Fortunately, the survreg
function provides an alternative way to fit these models.
The survreg
function fits AFT models for a number of different response distributions including
the log-logistic, the log-normal and the Weibull distribution. For the Weibull distribution the
proportional hazards model is also an AFT model, but with a different parametrization, which leads
notoriously to some confusions.
pbcSurv <- survreg(Surv(time, status) ~ as.factor(edema) + age, data = pbc, scale = sigma)
summary(pbcSurv)
##
## Call:
## survreg(formula = Surv(time, status) ~ as.factor(edema) + age,
## data = pbc, scale = sigma)
## Value Std. Error z p
## (Intercept) 9.4076 0.22228 42.32 0.00e+00
## as.factor(edema)0.5 -0.3574 0.11312 -3.16 1.58e-03
## as.factor(edema)1 -1.5104 0.12690 -11.90 1.15e-32
## age -0.0219 0.00407 -5.38 7.57e-08
##
## Scale fixed at 0.5
##
## Weibull distribution
## Loglik(model)= -1524 Loglik(intercept only)= -1578
## Chisq= 108.1 on 3 degrees of freedom, p= 0
## Number of Newton-Raphson Iterations: 6
## n= 393
The model fitted is the same, but the parameters are different. They are comparable as follows:
- coef(pbcSurv) / sigma
## (Intercept) as.factor(edema)0.5 as.factor(edema)1
## -18.81513 0.71475 3.02079
## age
## 0.04372
coef(pbcSurvGlm)
## (Intercept) as.factor(edema)0.5 as.factor(edema)1
## -18.81513 0.71475 3.02079
## age
## 0.04372
If you inspect the \(Z\)-scores in the two models, they are equal up to the sign.

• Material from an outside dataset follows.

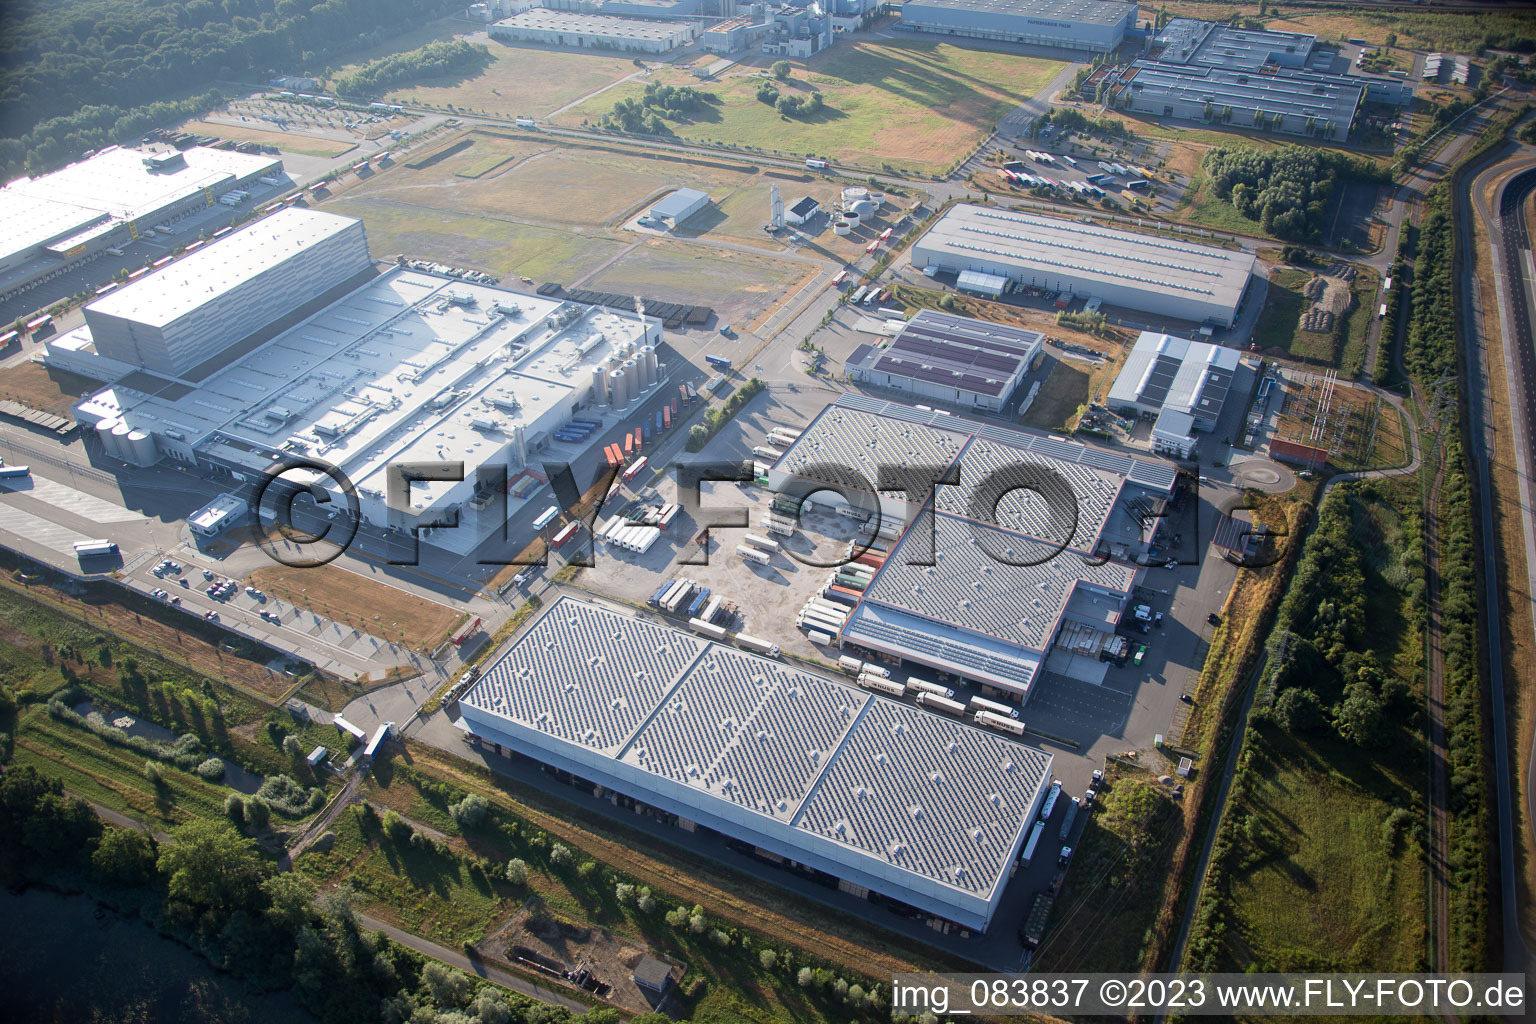 Oberwald industrial area in Wörth am Rhein in the state Rhineland-Palatinate, Germany seen from a drone

What is particularly confusing is the change of sign in the two parametrizations. In the hazards model, a positive value of \(\beta_j\) means that the hazard increases with increasing values of \(x_j\). The larger \(x_j\) is, the sooner the individual will die – at least from a population point of view. However, in the AFT model, a positive value of \(\beta_j\) means that the survival time is scaled by the factor \(e^{\beta_j x_j} > 1\), and thus the larger \(x_j\) is, the later will the individual die.

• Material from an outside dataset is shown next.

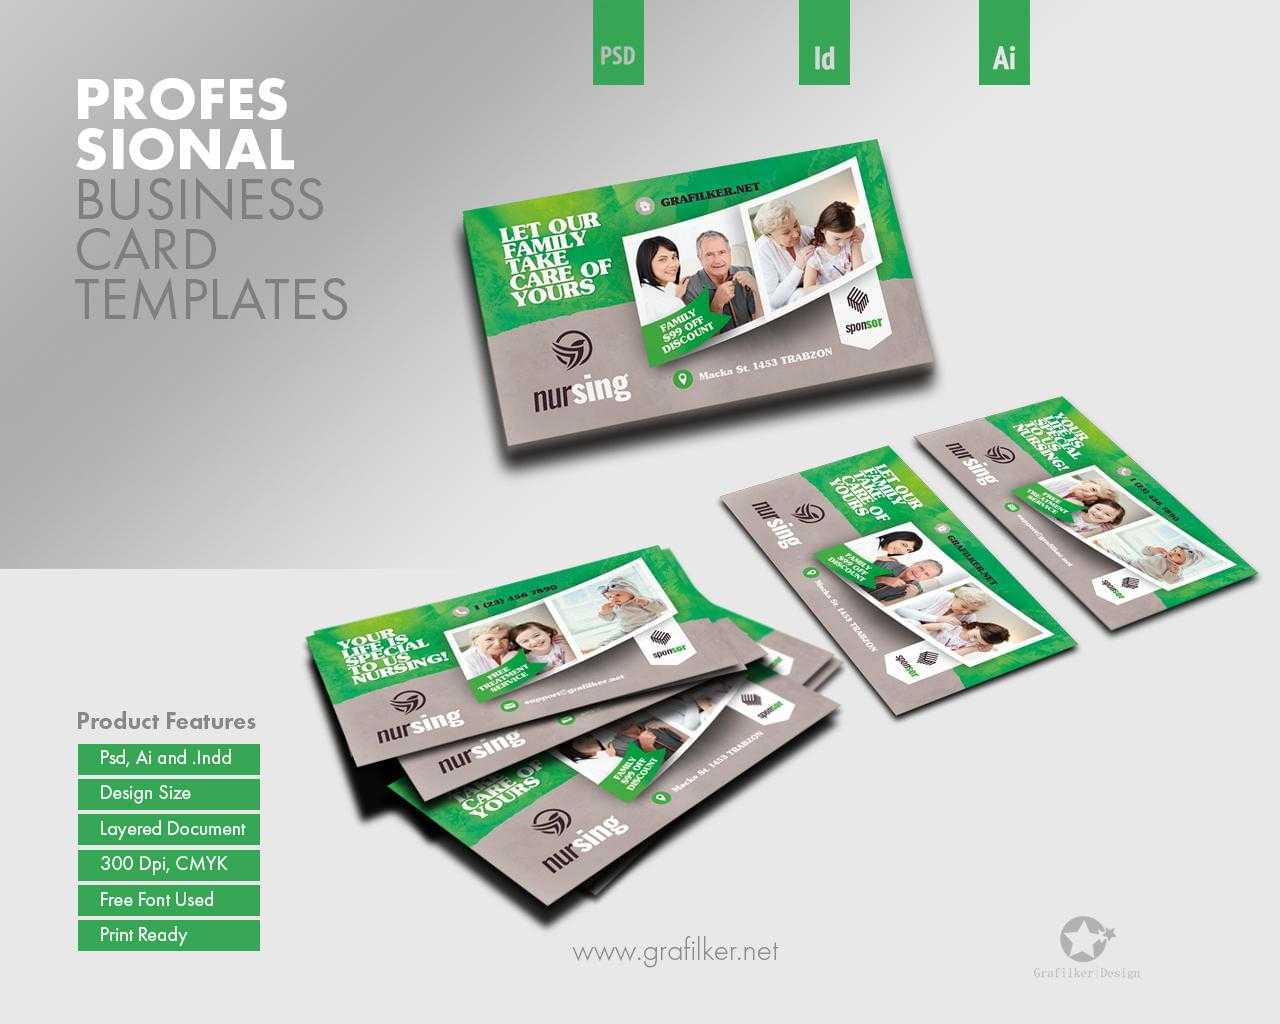 Professional Business Card Templatesgrafilker On Envato In Advertising Cards Templates

One thing we get for free using the survreg
function is the ability to estimate the
shape parameter (or the scale parameter \(\sigma\) in the AFT jargon).
pbcSurv <- survreg(Surv(time, status) ~ as.factor(edema) + age, data = pbc)
summary(pbcSurv)
##
## Call:
## survreg(formula = Surv(time, status) ~ as.factor(edema) + age,
## data = pbc)
## Value Std. Error z p
## (Intercept) 9.9557 0.36880 26.99 1.72e-160
## as.factor(edema)0.5 -0.6047 0.19351 -3.12 1.78e-03
## as.factor(edema)1 -2.0392 0.22214 -9.18 4.33e-20
## age -0.0274 0.00664 -4.12 3.77e-05
## Log(scale) -0.1692 0.06631 -2.55 1.07e-02
##
## Scale= 0.844
##
## Weibull distribution
## Loglik(model)= -1484 Loglik(intercept only)= -1523
## Chisq= 79.1 on 3 degrees of freedom, p= 0
## Number of Newton-Raphson Iterations: 5
## n= 393
We will, of course, prefer to fit models this way to get appropriate estimated standard errors in practice, but the relation to the Poisson regression model is not completely superfluous. It allows us, for instance, to draw on the uniqueness and existence results for the MLE (admitted, the results have to be modified slightly to accomodate for the offset, but this is not a problem).